Your objective
Among the lines below, restate word for word only those from the line with "Chaos Im Kinderzimmer Pubertät" through the line with "Ray-Ban Standard Original", with both end lines kept.

Supplied records

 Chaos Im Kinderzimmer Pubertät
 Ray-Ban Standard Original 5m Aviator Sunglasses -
==
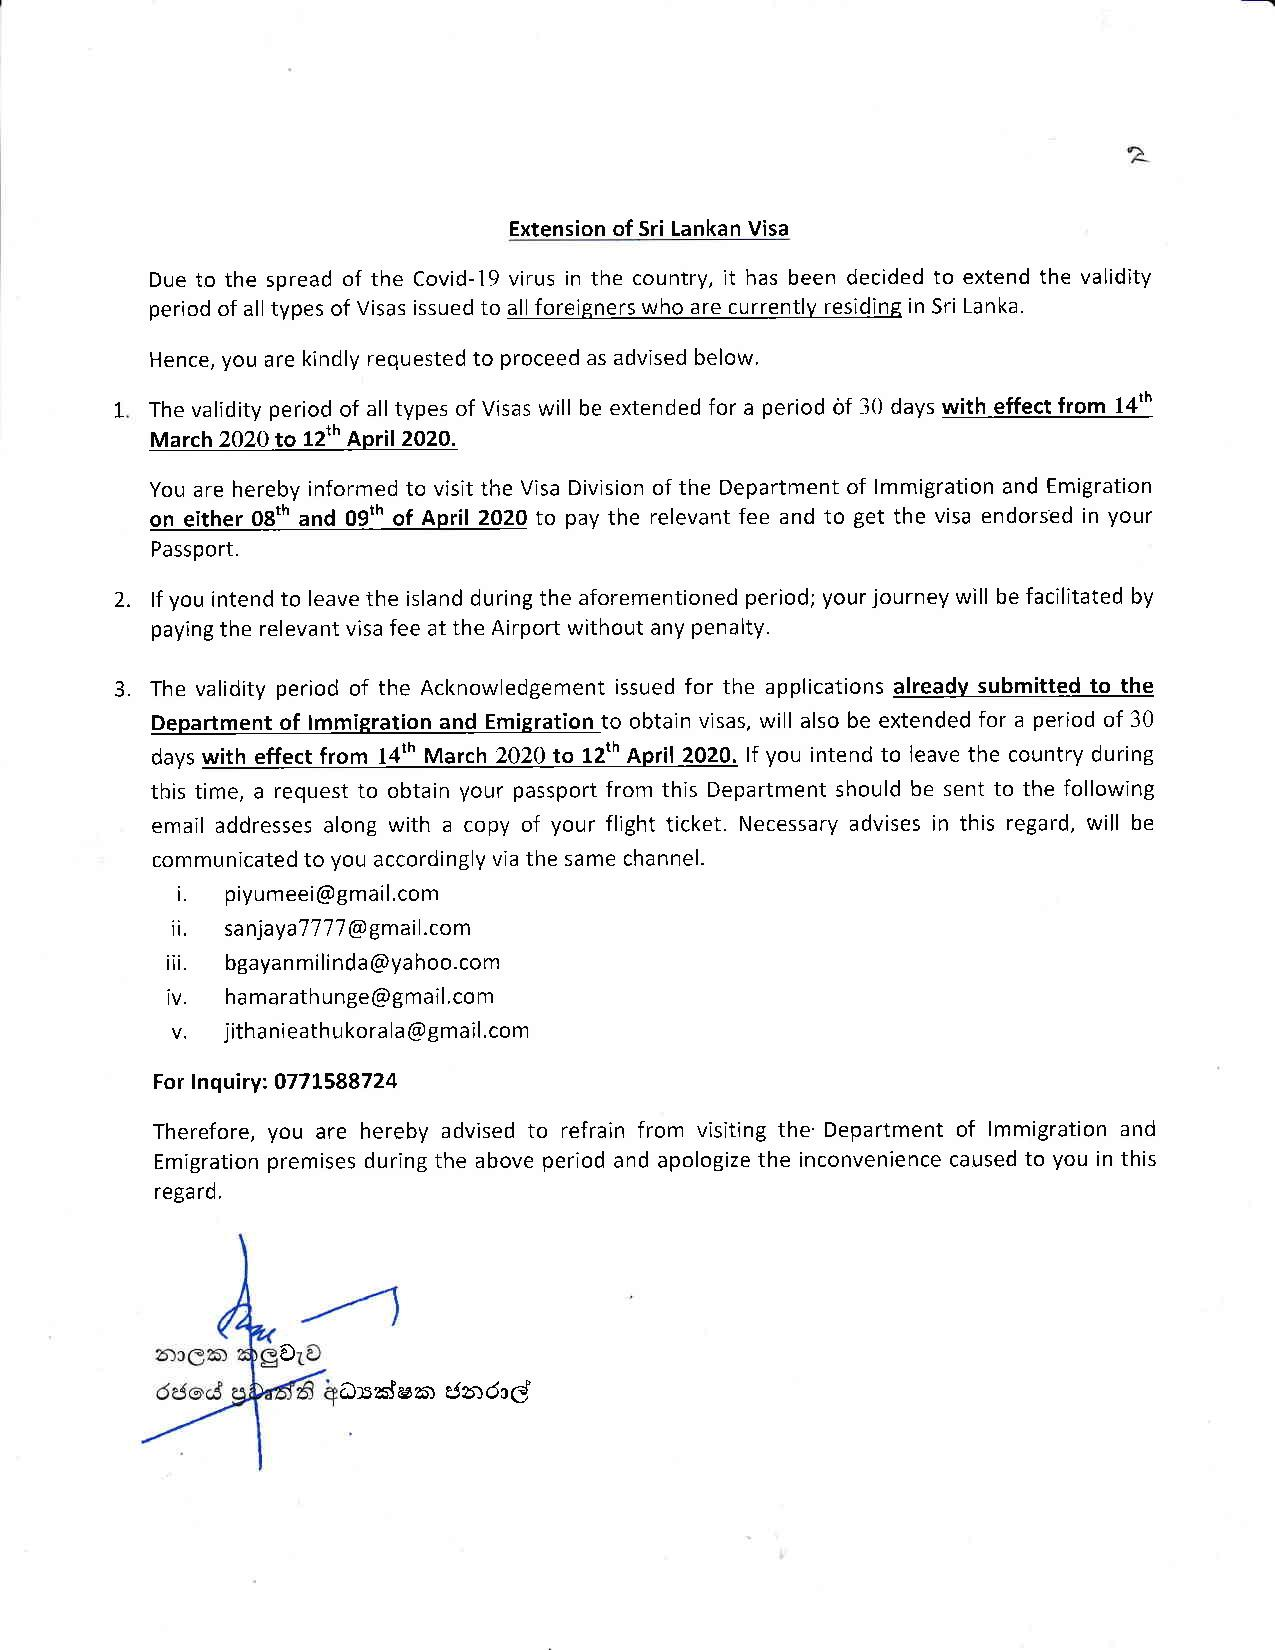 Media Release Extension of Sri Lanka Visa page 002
--
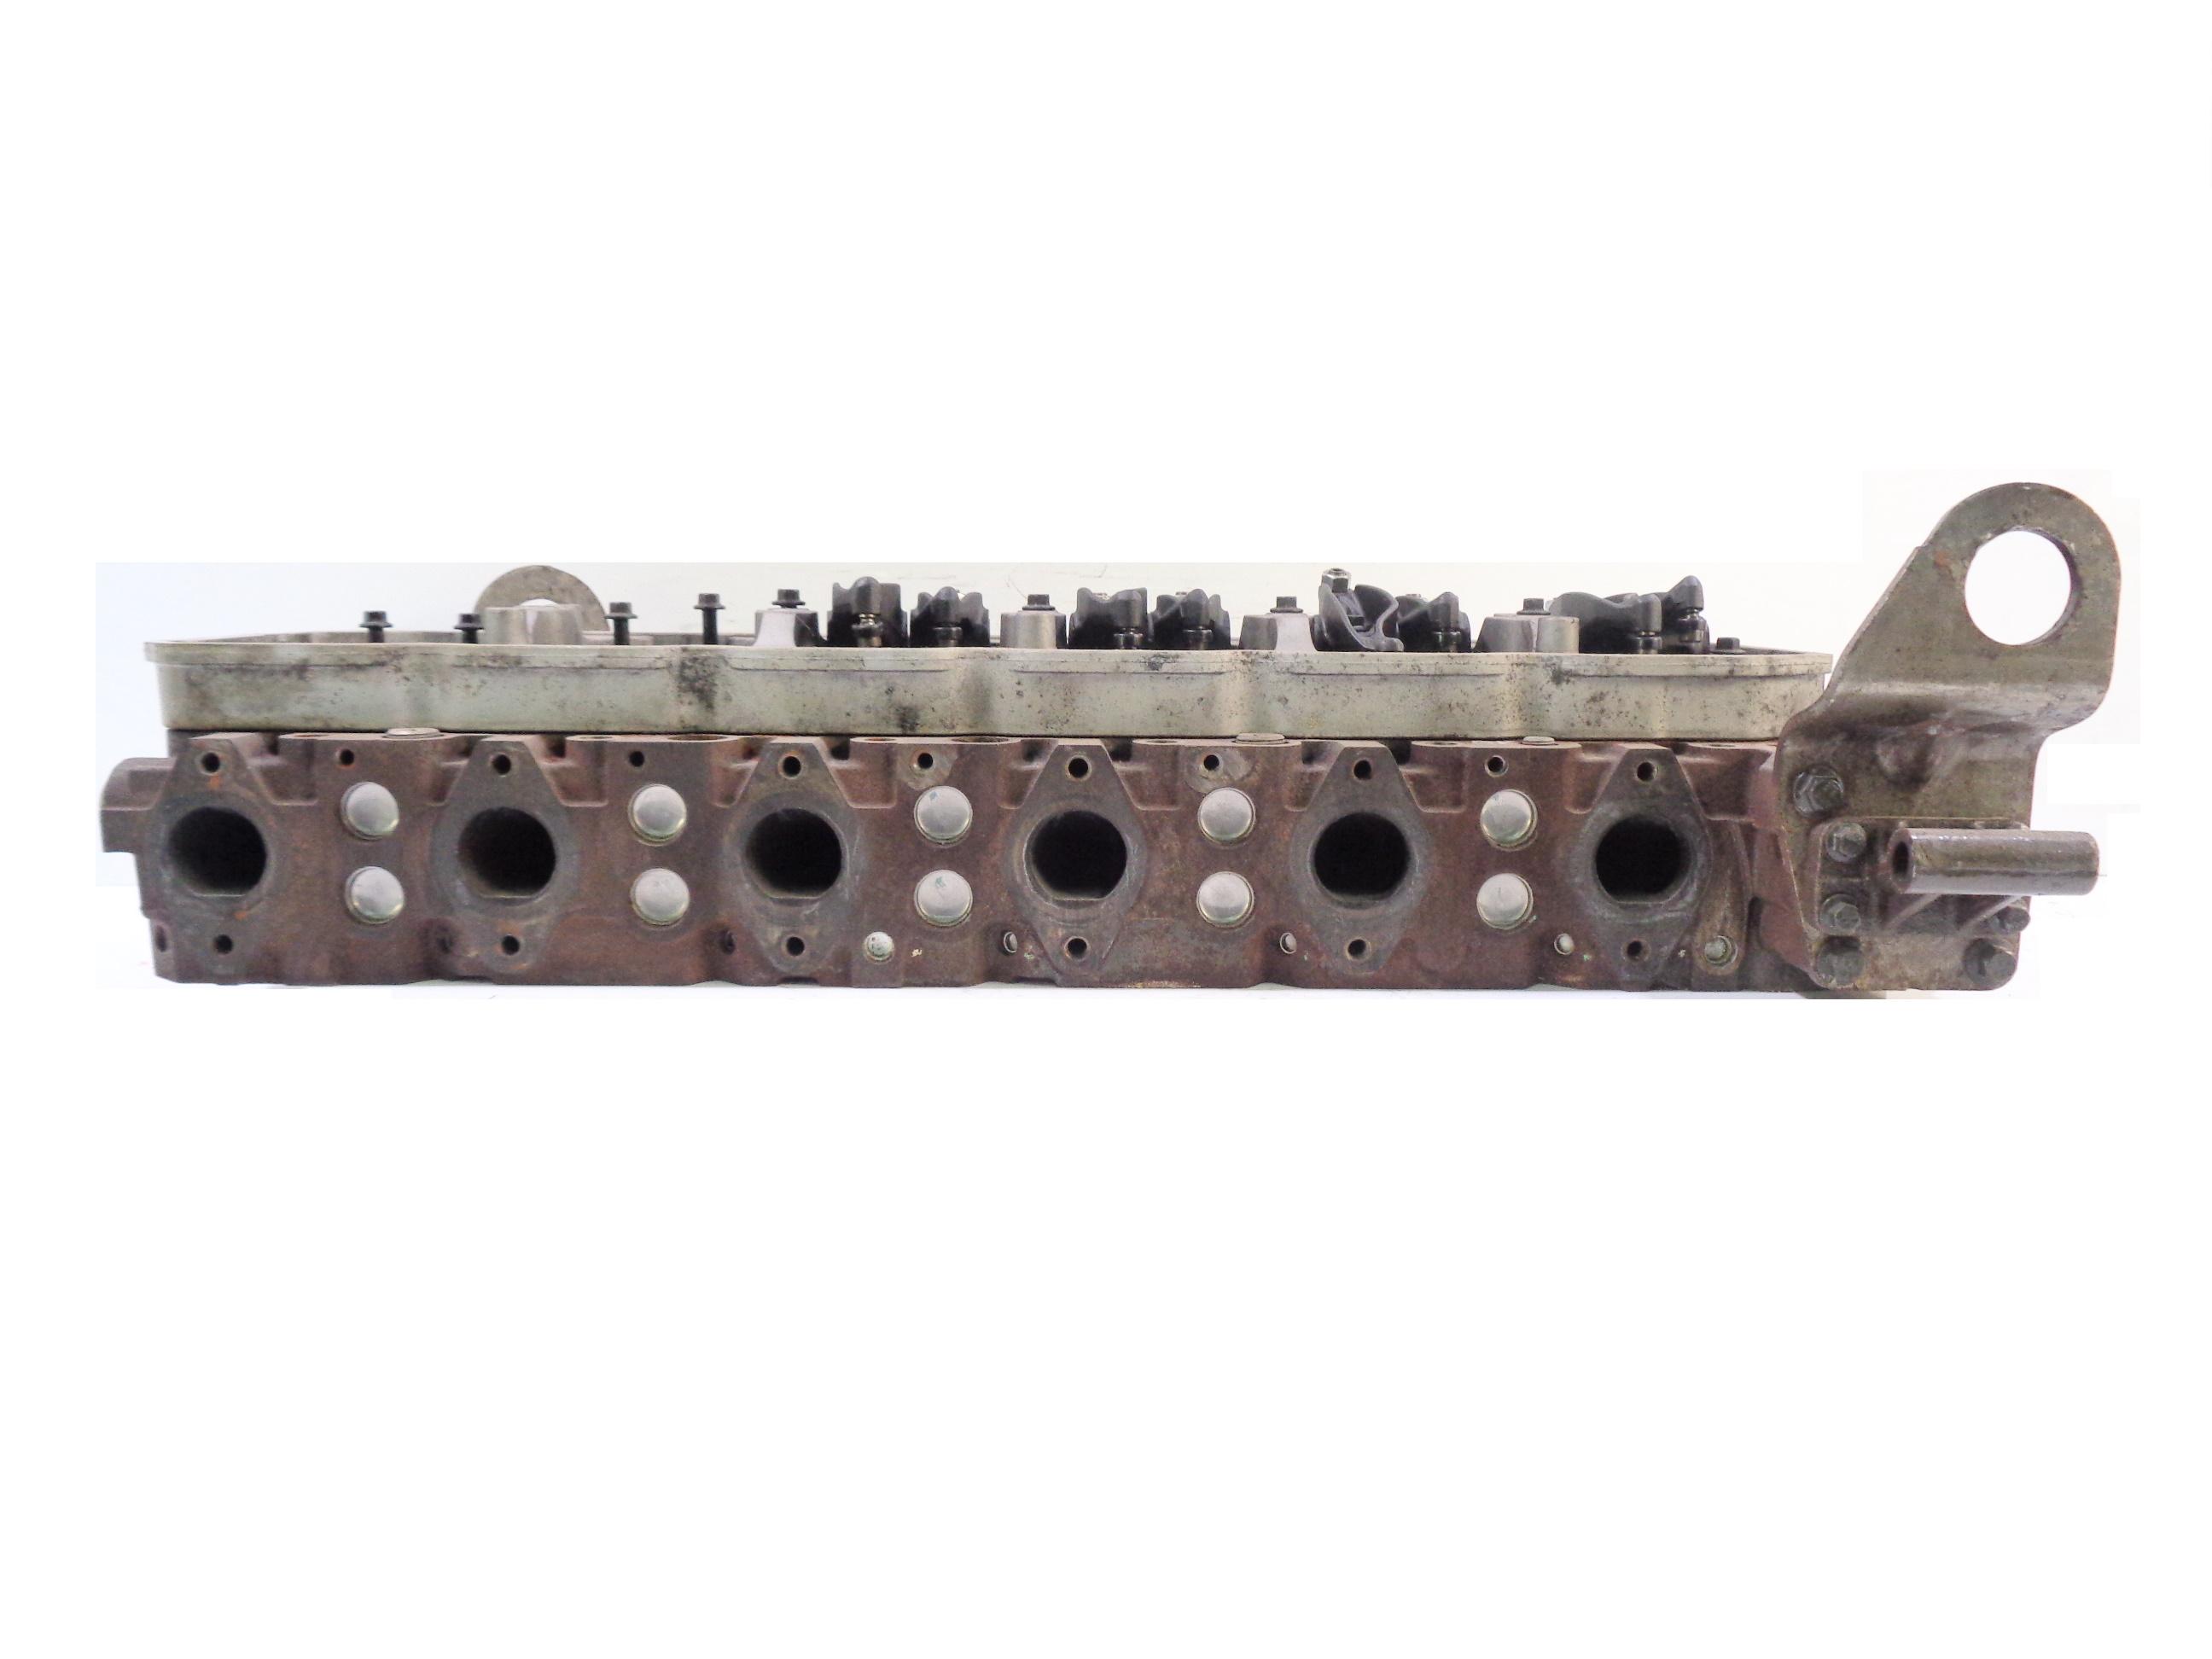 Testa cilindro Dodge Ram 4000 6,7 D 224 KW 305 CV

Answer below
 Chaos Im Kinderzimmer Pubertät
 Ray-Ban Standard Original 5m Aviator Sunglasses -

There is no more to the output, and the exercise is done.